Preis für Massenspektrometrie in den Biowissenschaften
Zum zweiten Mal verliehen wurde der mit 5000 Euro dotierte von Waters gestiftete Preis für Massenspektrometrie in den Biowissenschaften. Jürgen Grotemeyer überreichte als Jury-Vorsitzender die Urkunde an Albert J. R. Heck (Bijvoet Center for Biomolecular Research, Utrecht), der die Auszeichnung für seine innovativen Arbeiten zur Untersuchung der dreidimensionalen Struktur von Proteinen empfing. Anschließend führte Albert J. R. Heck in einem Vortrag seine Arbeiten aus, wobei besonders beeindruckte, wie die Gruppe Proteinkomplexen und selbst ganzen Viren Information auf massenspektrometrischem Wege abringt.
Posterpreise
Am Ende der Tagung wurden die drei besten Poster ausgezeichnet. Die Posterpreise erhielten Kevin Pagel (P 64), Bernd Krock (P 75) und Daniel Riebe (P 116) aus den Händen der Jury-Vertreter Klaus G. Heumann und Joachim Wesener. Die Zeitschrift Analytical and Bioanalytical Chemistry, die einen Sonderband basierend auf Tagungsbeiträgen herausgeben wird, stellte für die Gewinner Büchergutscheine im Wert von je 200 Euro aus dem Sortiment des Springer-Verlags bereit.
Tagungsorganisation
Schon 1994 hatte Jürgen Schmidt die Tagung, damals noch unter der Bezeichnung AGMS, in Halle organisiert. Für die 43. DGMS-Tagung hatte sich Andrea Sinz tatkräftig dazugefunden. Den beiden Organisatoren war eine DGMS-Jahrestagung gelungen, die vom musikalischen Auftakt über die Einhaltung des Programms mit Parallelsessions bis hin zum Konferenz-Dinner nicht zuletzt dank eines motivierten Teams aus beiden Gruppen durchweg gelang. Der kurze Fußweg vom Audimax über den Universitätsplatz, der Vorträge mit Workshops, Lunchseminaren, Postern und Firmenständen verband, war den Teilnehmern willkommene Gelegenheit Frischluft oder – je nach Suchtlage Rauch – zu tanken.

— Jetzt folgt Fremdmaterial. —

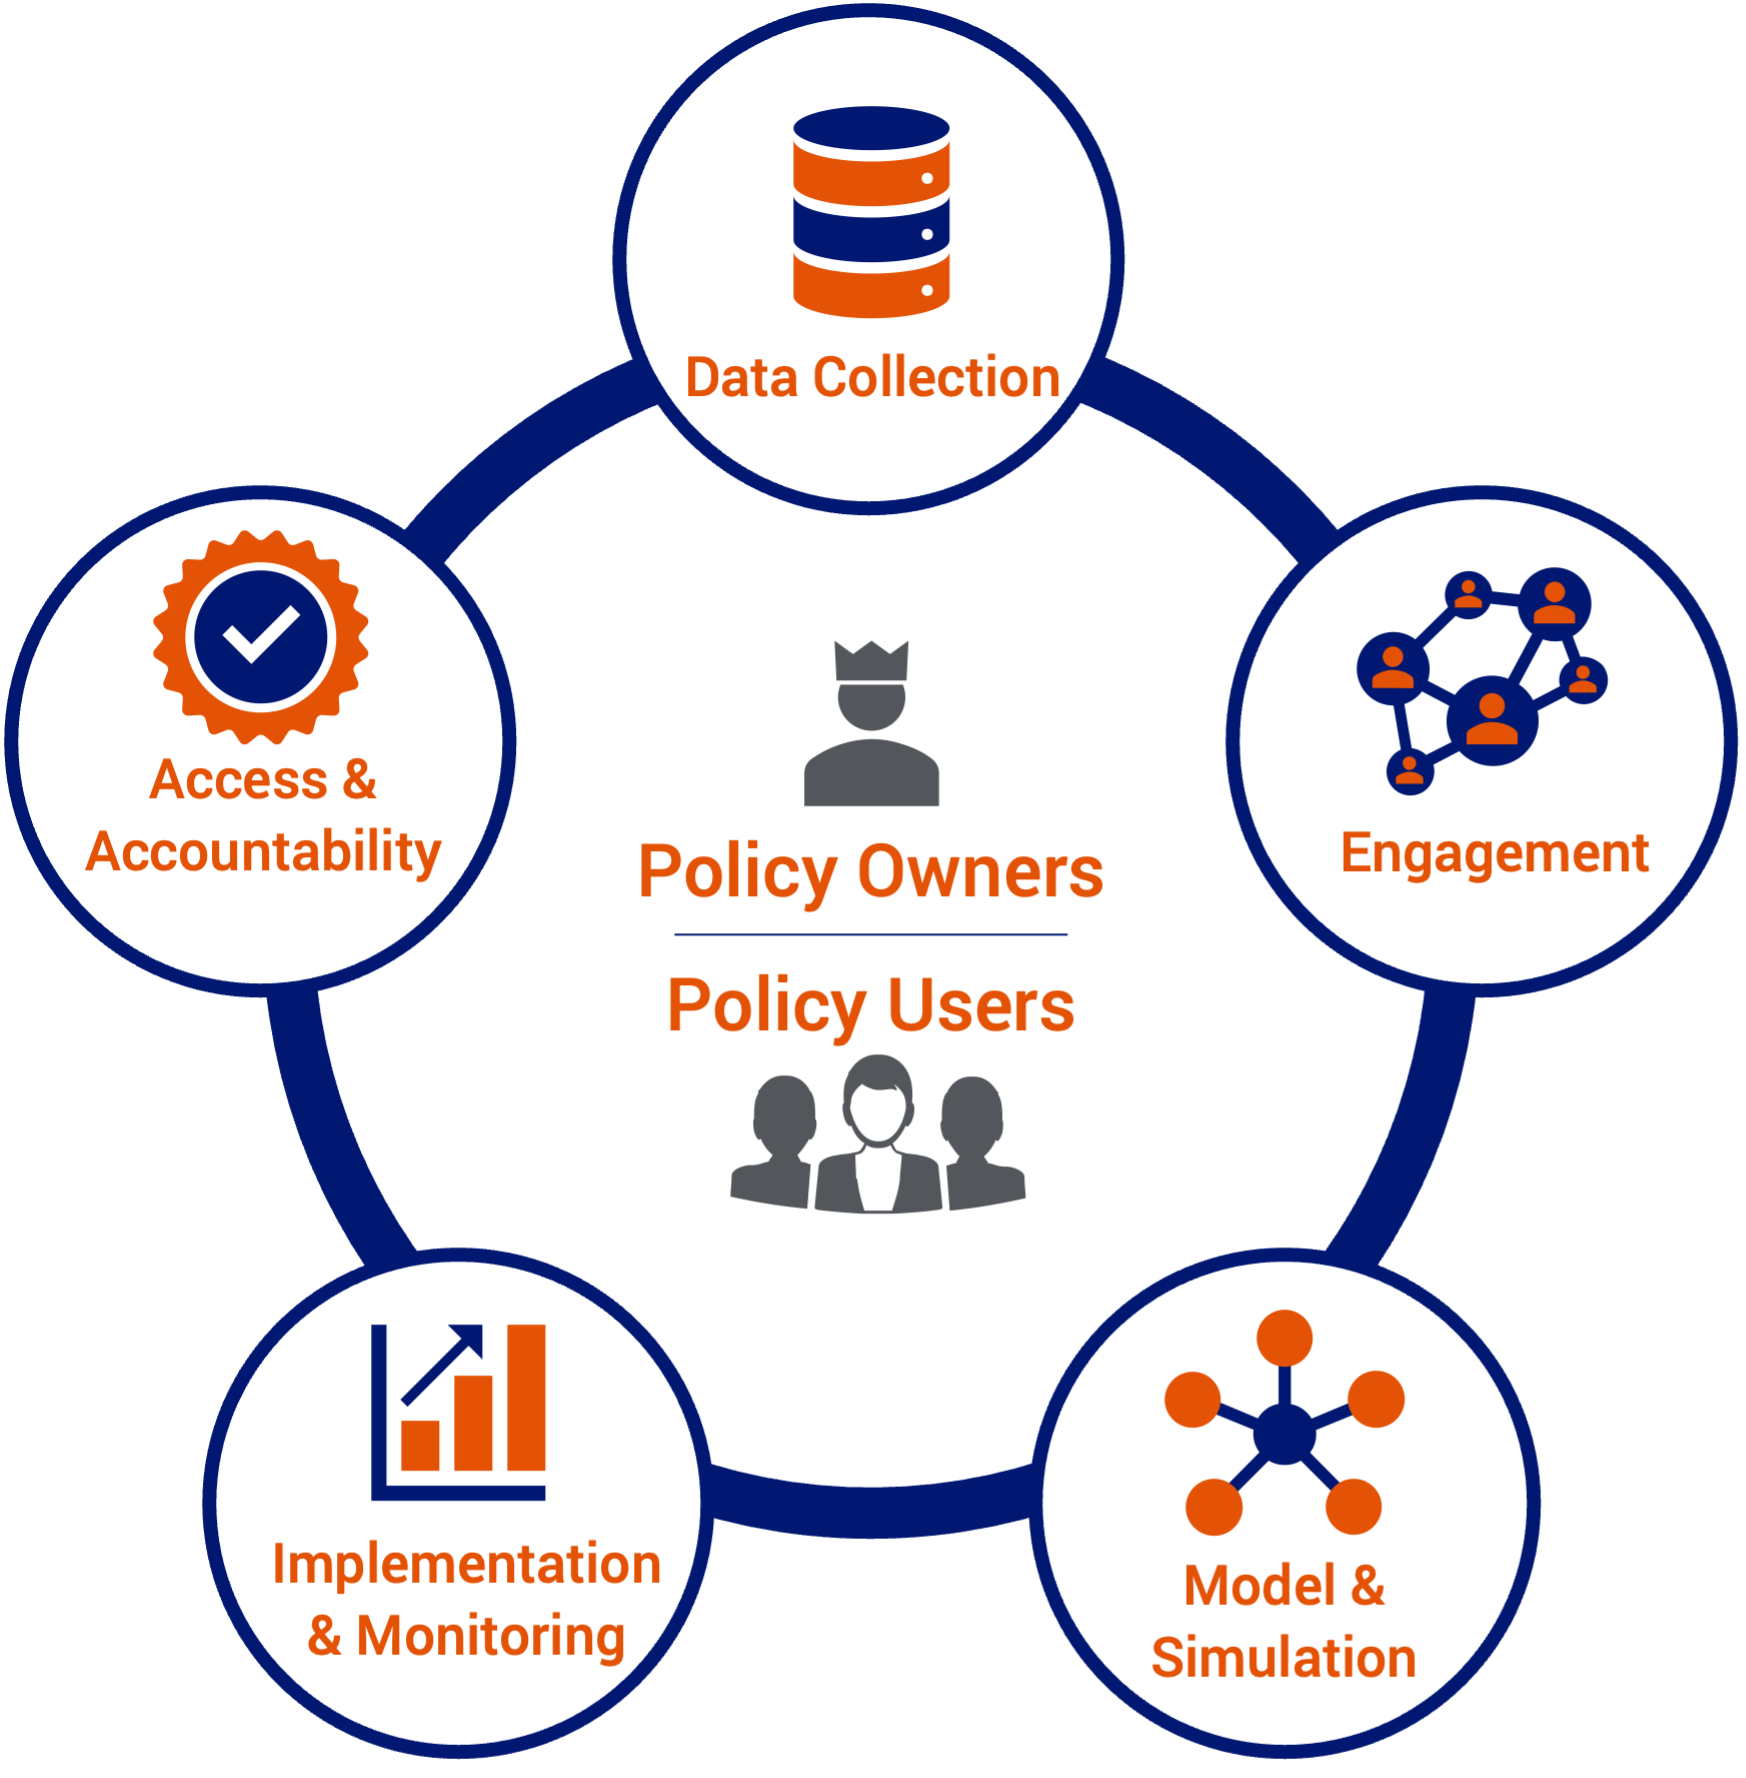 Policy Owners and Policy Users surrounded by Data Collection, Engagement, Model & Simulation, Implementation & Modeling, Access & Accountability

Das Konferenzdinner fand in der von der Uni auf kurzem Fußweg zu erreichenden Moritzburg statt. Bei der Ankunft wurden alle mit einem Glühwein im Hof empfangen, wo bereits ein Schwein am Spieß gegrillt wurde. Dann zog die Gesellschaft aus dem verschneiten Hof ins die warmen Kellergewölbe, wo sie vom Personal in barocken Gewändern bewirtet wurde. Dieser Abend wird den Teilnehmern sicher in angenehmer Erinnerung bleiben. Den Kulturbeflissenen wurden nach dem Dinner auch Führungen durch die Kunstausstellung in der Burganlage angeboten.
Kommende DGMS-Jahrestagungen
Für das Jahr 2011 lud Albert Sickmann (ISAS Dortmund) ein. In Dortmund wird die 44. DGMS-Tagung zur Umgehung der Karnevalszeit voraussichtlich eine Woche früher als üblich, also vom 27.2.-2.3.2011, stattfinden.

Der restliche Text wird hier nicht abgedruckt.